Tedious work but got the trim on the Chicken Run painted and finished. Mrs Slippy and I put up the Hardware Cloth last evening and I'm telling you, I'd rather fight 3 drunk monkeys than put up 4' Hardware Cloth!










Sugar Snap Peas are ready for pickin'. Best free dog treats you can find I kid you not!...and dang good sauteed in some bacon grease, salt and pepper!








Looks like we got a tired Red Dog on the porch! She worked hard supervising today. 









Tomorrow, I'll build the Dust Bath area and a few Roosting Beams inside the Run and Coop. What a great day!


----------



## robin416

I have to ask, who chose the colors? Because someone missed their calling for color design. I absolutely love the look of that little building. 

Working with metal of any kind is the worst. I swear it reaches up and grabs at you when you're not looking. 

Ah but the supervisor looks like it was a job well done and now it's time to relax.


----------



## Slippy

robin416 said:


> I have to ask, who chose the colors? Because someone missed their calling for color design. I absolutely love the look of that little building.
> 
> Working with metal of any kind is the worst. I swear it reaches up and grabs at you when you're not looking.
> 
> Ah but the supervisor looks like it was a job well done and now it's time to relax.


Why thank you Sweet Robin! And Yes Ma'am, metal is evil...especially since I'm a lumber man!

Mrs Slippy picked out the Haint Blue paint for the door, she knows its one of my favorite colors! We had the Sherwin Williams Barn Red paint leftover from our barn and the trim color is Sherwin Williams Rice Grain also left over from our house build!










I got bored waiting on paint to dry so I took a piece of metal roofing that I had leftover and drew out the design for the Alabama State Flag. I may hang it on the Coop or the barn.

Mrs Slippy claims I should have been an interior designer/architect but I certainly don't look the part!!!

Now if you will pardon me, its time for some Slippy time (I never mix alcohol and firearms but they do make a nice photo!)...


----------



## robin416

So it was really a collaboration and it works so very well. I keep looking at it wondering how that would look on my house. In case you can't tell, I'm color challenged.

Do not put that on the coop!!! That coop shines all on it's own. Either on the wire or on the barn so it doesn't take away from that look. 

Seeing that pic reminded me I have an item I need to add to my shopping list. No not weaponry, not spirits either. You got it. As much as I hate to give up my old tape it's time to put it to rest. 

I'm already trying to get my screw gun apart to retrieve my favorite bit holder.
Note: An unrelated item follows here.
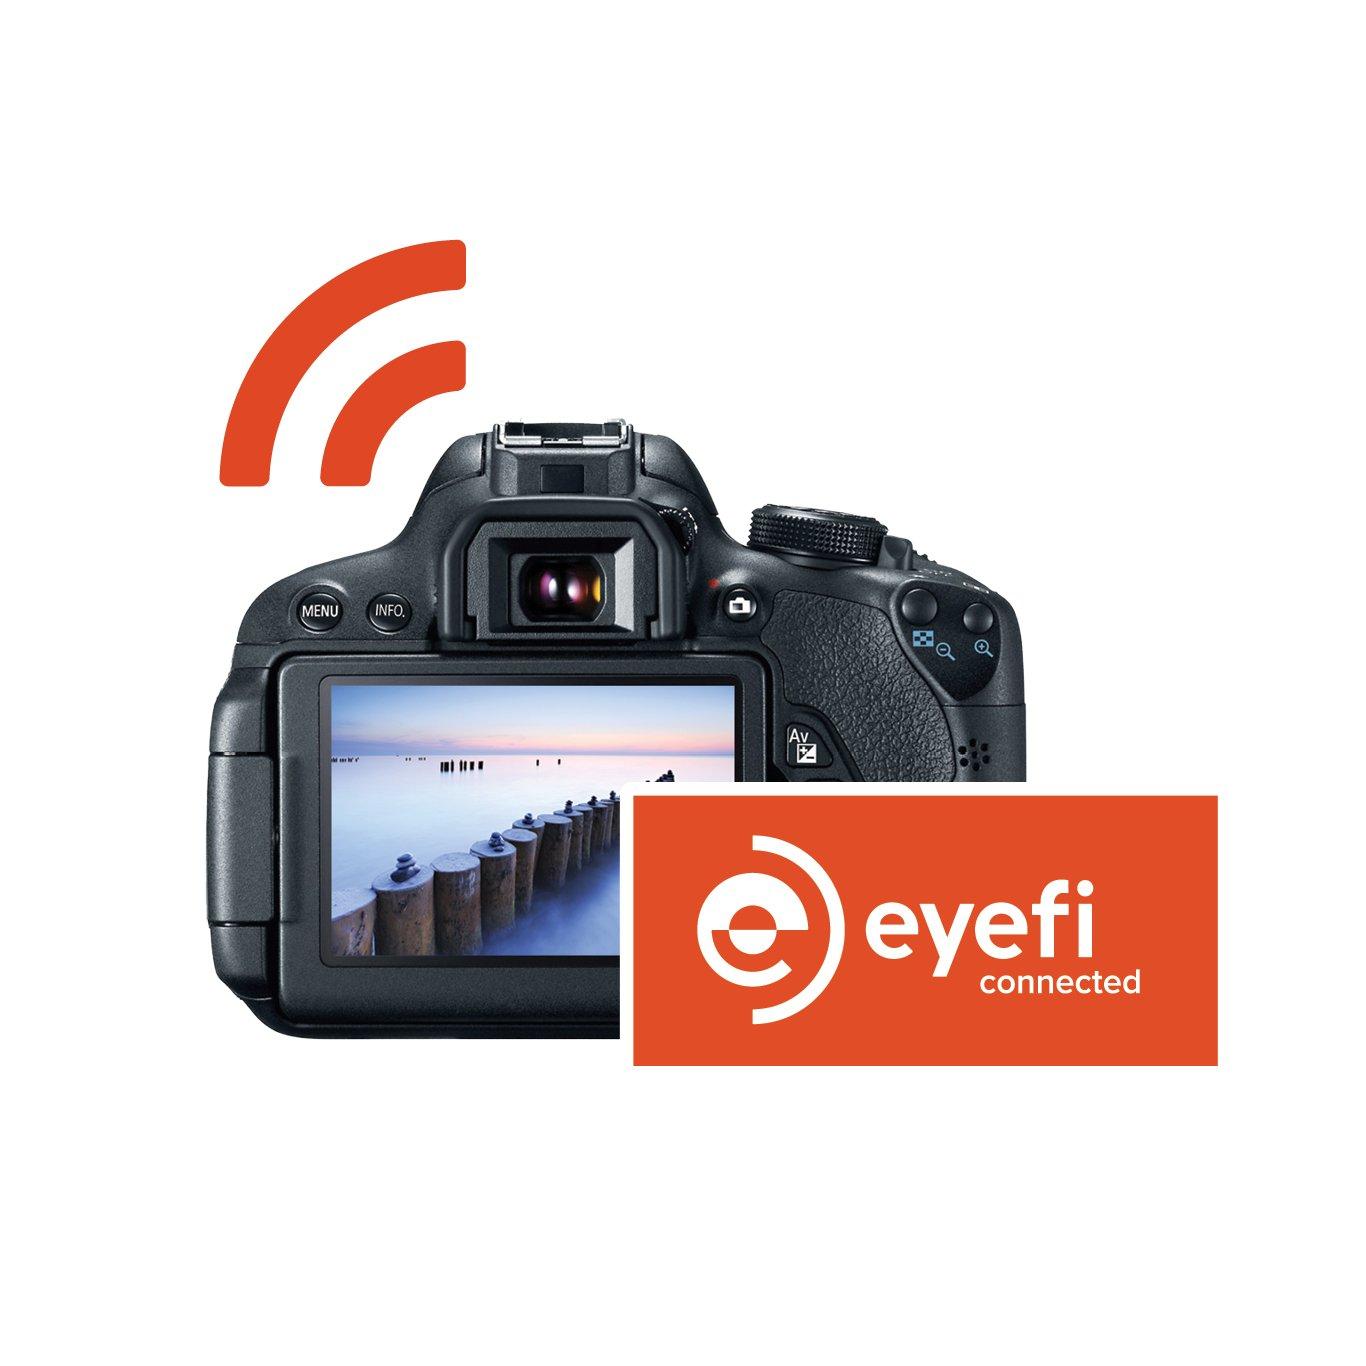 Amazon Eyefi Mobi 8gb Class 10 Wi Fi Sdhc Card With 90 Day
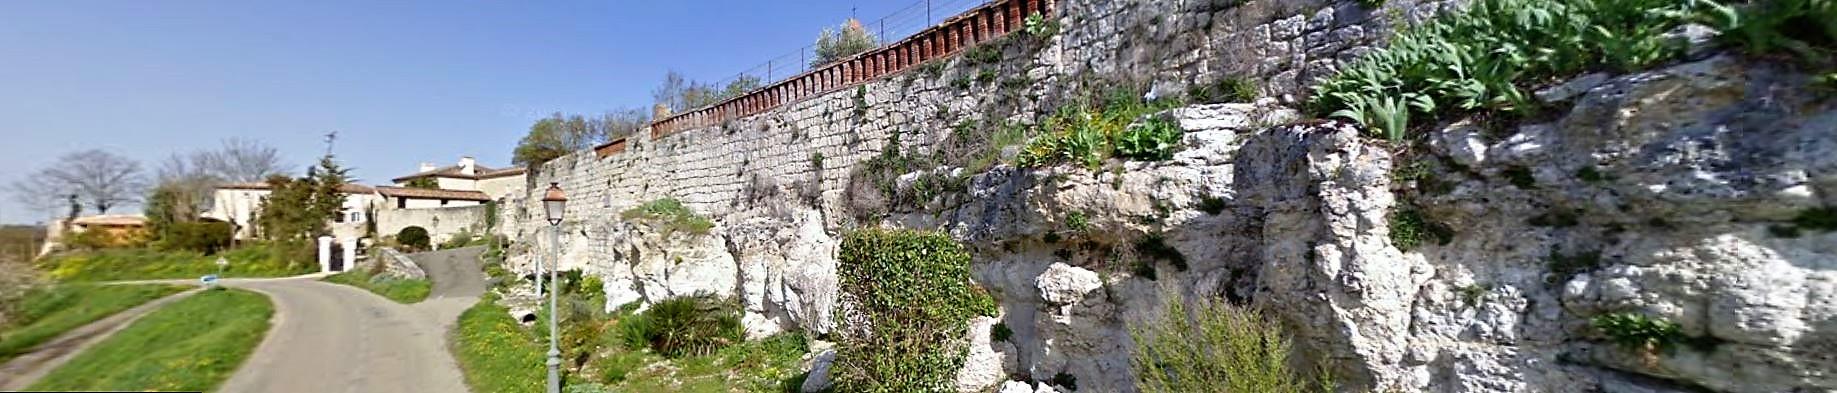 Maubec Remparts

The clutch choked and won't release it.


----------



## Sylie

HI Slippy 
Did I miss the run dimensions somewhere? It looks to be about the same size as the coop, are you sure that's going to be big enough? You generally want the run at least twice the size of the coop in length, the girls has gots to has their running space! haha


----------



## robin416

Is that a 20V Dewalt I see in the one pic? That's what I'm trying to tear down to get at my bit holder.


----------



## robin416

Sylie said:


> HI Slippy
> Did I miss the run dimensions somewhere? It looks to be about the same size as the coop, are you sure that's going to be big enough? You generally want the run at least twice the size of the coop in length, the girls has gots to has their running space! haha


I think he said the size in an earlier post but I think he's going to let them free range once they know where home is.


----------



## Sylie

oh gotcha, cool, thx for clearing that up


----------



## robin416

I may or may not have cleared it up. The size thing I'm sure of but I can't remember for sure it was Slippy that said he's going to let them free range. There's been so much going on lately that I'm losing track of who said what.


----------



## Sylie

lol it's alright, I'm sure someone will clear it up tomorrow


----------



## robin416

Focus, Robin, focus. Too much going on in too many directions. So, everyone should be giving second thought to whatever I say for a bit.


----------



## Sarah1up

I love the red as well, I was thinking something similar on mine. The blue really pops on the door!


----------



## Slippy

Coop & Run is almost finished.

The main Roosting Indoor Perch









The little corner Roosting area. I'll add one more and a step ladder for easier access.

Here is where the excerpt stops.